Determine or estimate the number of maximal triangle-free graphs on $n$ vertices Among the collections of the open problems of Paul Erdős on the website of
Professor Fan Chung, there is one called "number of triangle-free graphs".
http://www.math.ucsd.edu/~erdosproblems/erdos/newproblems/NumberOfTriangleFreeGraphs.html
Open Problem: Determine or estimate the number of maximal triangle-free graphs
on $n$ vertices.
Is any one working on this problem? Any known related results? 
Now I am considering about using a "connection game" method to solve this problem: Given a set of $n$ players, each one chooses to connect to other nodes, if any two neighbors of it connect a new edge(which means there would form a triangle), it has to choose delete either edges with those two neighbors. Then the question is how many different topology connections does it have? 

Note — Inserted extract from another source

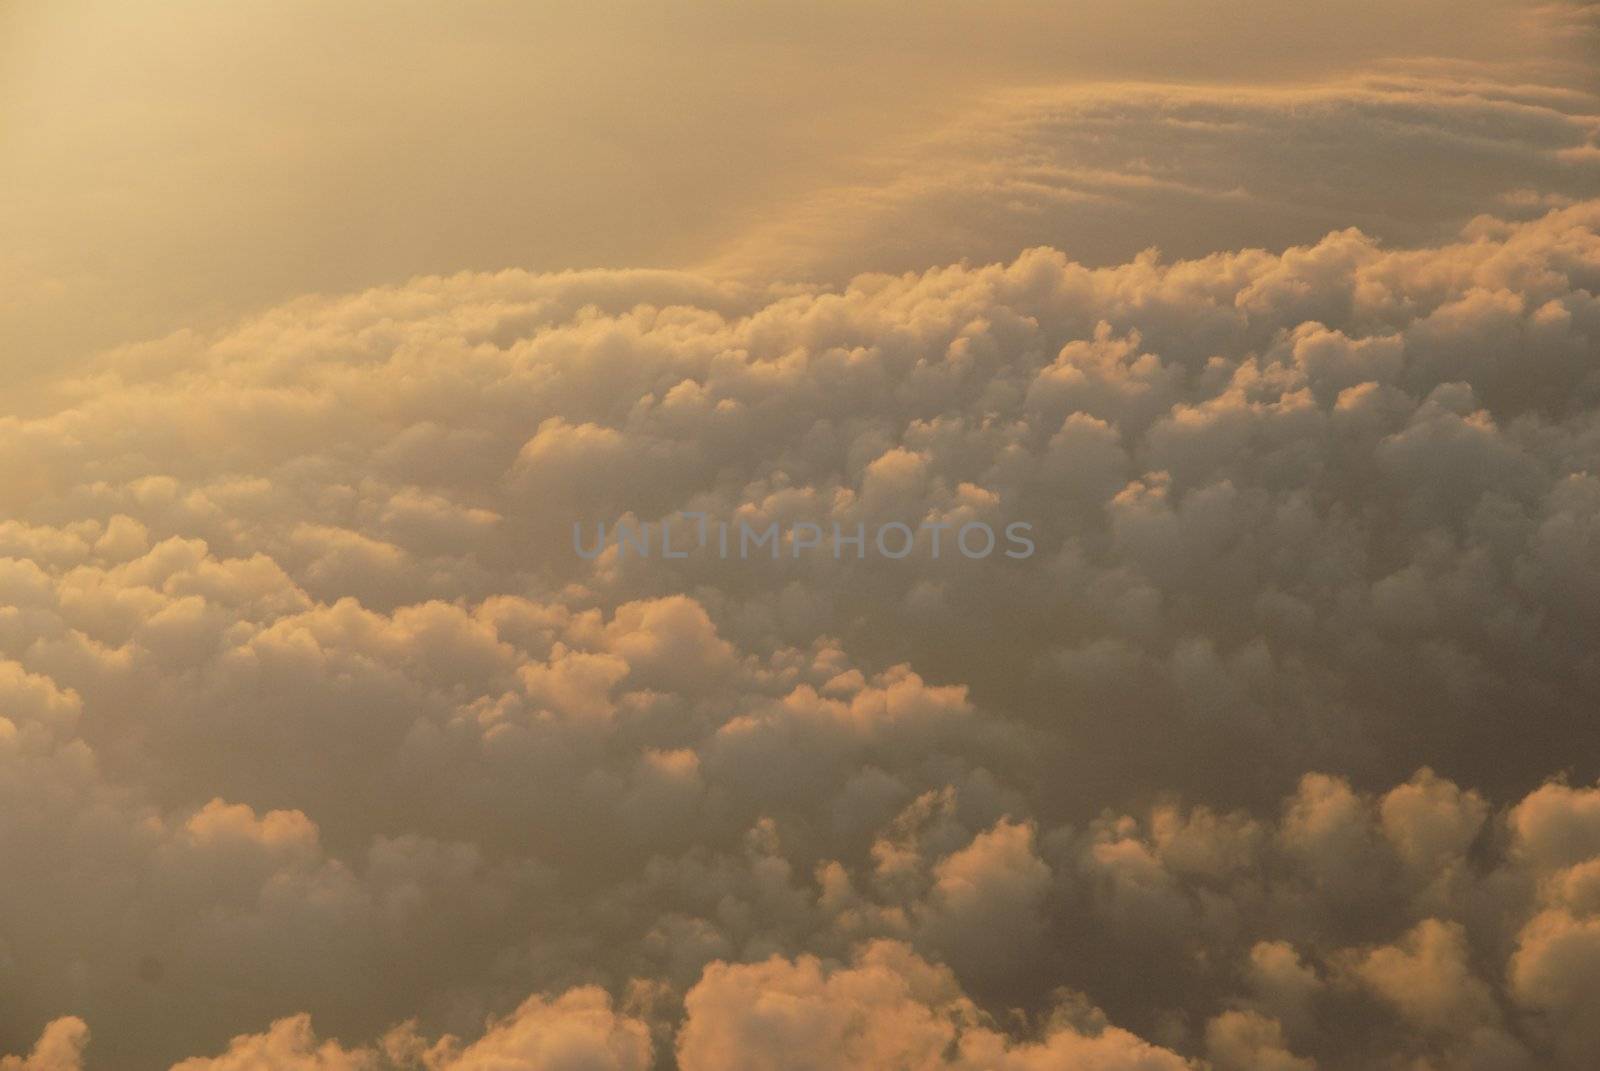 Looking DOWN at clouds from a jet
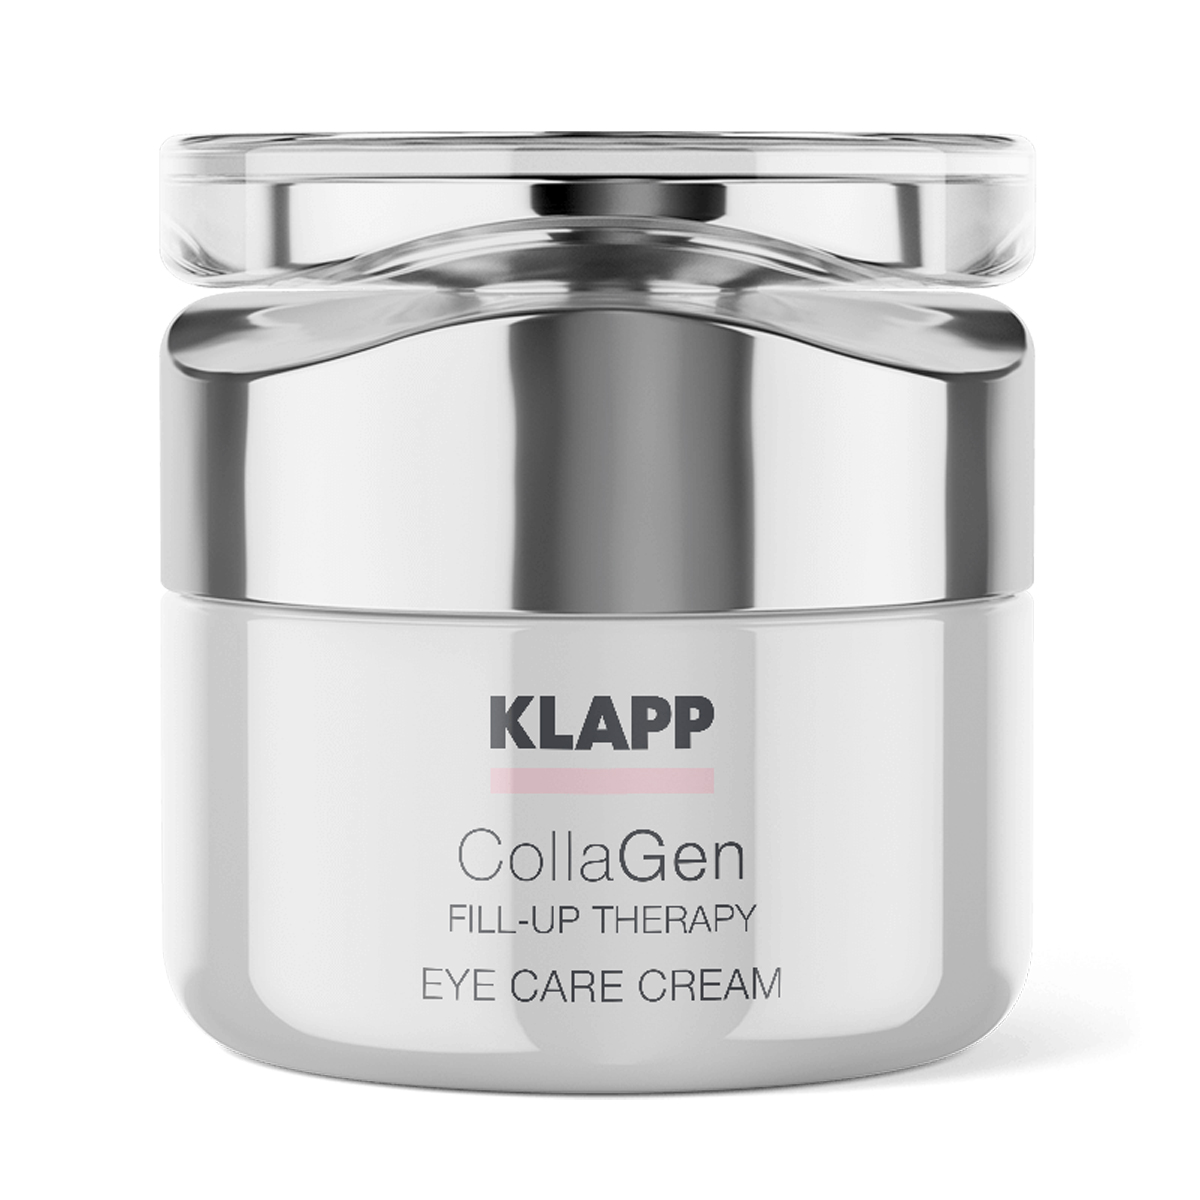 KLAPP Collagen Eye Care Cream 20 ml Fill Up Therapy

Any comments on this method? 
 A: By Theorem 1 in the paper of Erdős, Kleitman, and Rothschild, the number of triangle-free graphs on $n$ vertices is $2^{n^2(1/4 +o(1)) }$. The number of bipartite graphs with a fixed pair of parts of size $n/2$ is $2^{n^2/4}$. Here is a construction of $2^{n^2(1/8 +o(1)) }$ maximum triangle-free graphs. 
Suppose we start with a bipartite graph on two parts $A$ and $B$. We'll try to embed this in a maximal triangle-free graph with $2|A|+|B|$ vertices. For every vertex $a \in A$, add a vertex $a'$ connected to $a$ and every element of $B$ not connected to $a$. This graph is triangle-free, but not necessarily maximal. 
Adding an edge between two elements of $A$ will form a triangle with any mutual neighbor in $B$. Such a mutual neighbor will exist for almost all bipartite graphs as long as $\log |A| \ll |B|$. Similarly, an edge between two elements of $B$ will form a triangle with any mutual neighbor in $A$, which will usually exist (proportion approaching $1$) if $\log |B| \ll |A|$.
Adding an edge between $a'$ and a neighbor $b$ of $a$ forms the triangle $a-b-a'$, as does adding an edge between $a$ and an element $b\in B$ initially not connected to $a$. 
Adding an edge between $a_0'$ and $a_1 \in A$ will form a triangle as long as there is some $b\in B$ connected to $a_1$ but not $a_0$. Again, this happens with a proportion approaching $1$ if $\log|A| \ll |B|$. 
By the way, it's not a problem if you can add more edges between $a_0'$ and elements of $A$. If you can, do so. The important thing is that we ensured that no edges between elements of $A \cup B$ can be added without forming triangles, and we did so by adding a small number of vertices.
Adding edges between the added vertices might or might not form triangles. Add enough edges to make the graph maximal. Assuming the high-proportion conditions are satisfied, there is at least one maximal graph so that the induced subgraph on $A \cup B$ is the original bipartite graph. 
Choose $|B| = 2|A|$. As $|A| \to \infty$, a proportion approaching $1$ of these bipartite graphs can be embedded in a maximal triangle-free graph on $4|A|$ vertices. This constructs $2^{n^2(1/8 + o(1))}$ maximal triangle-free graphs on $n$ vertices, or roughly the square root of the total number of triangle-free graphs.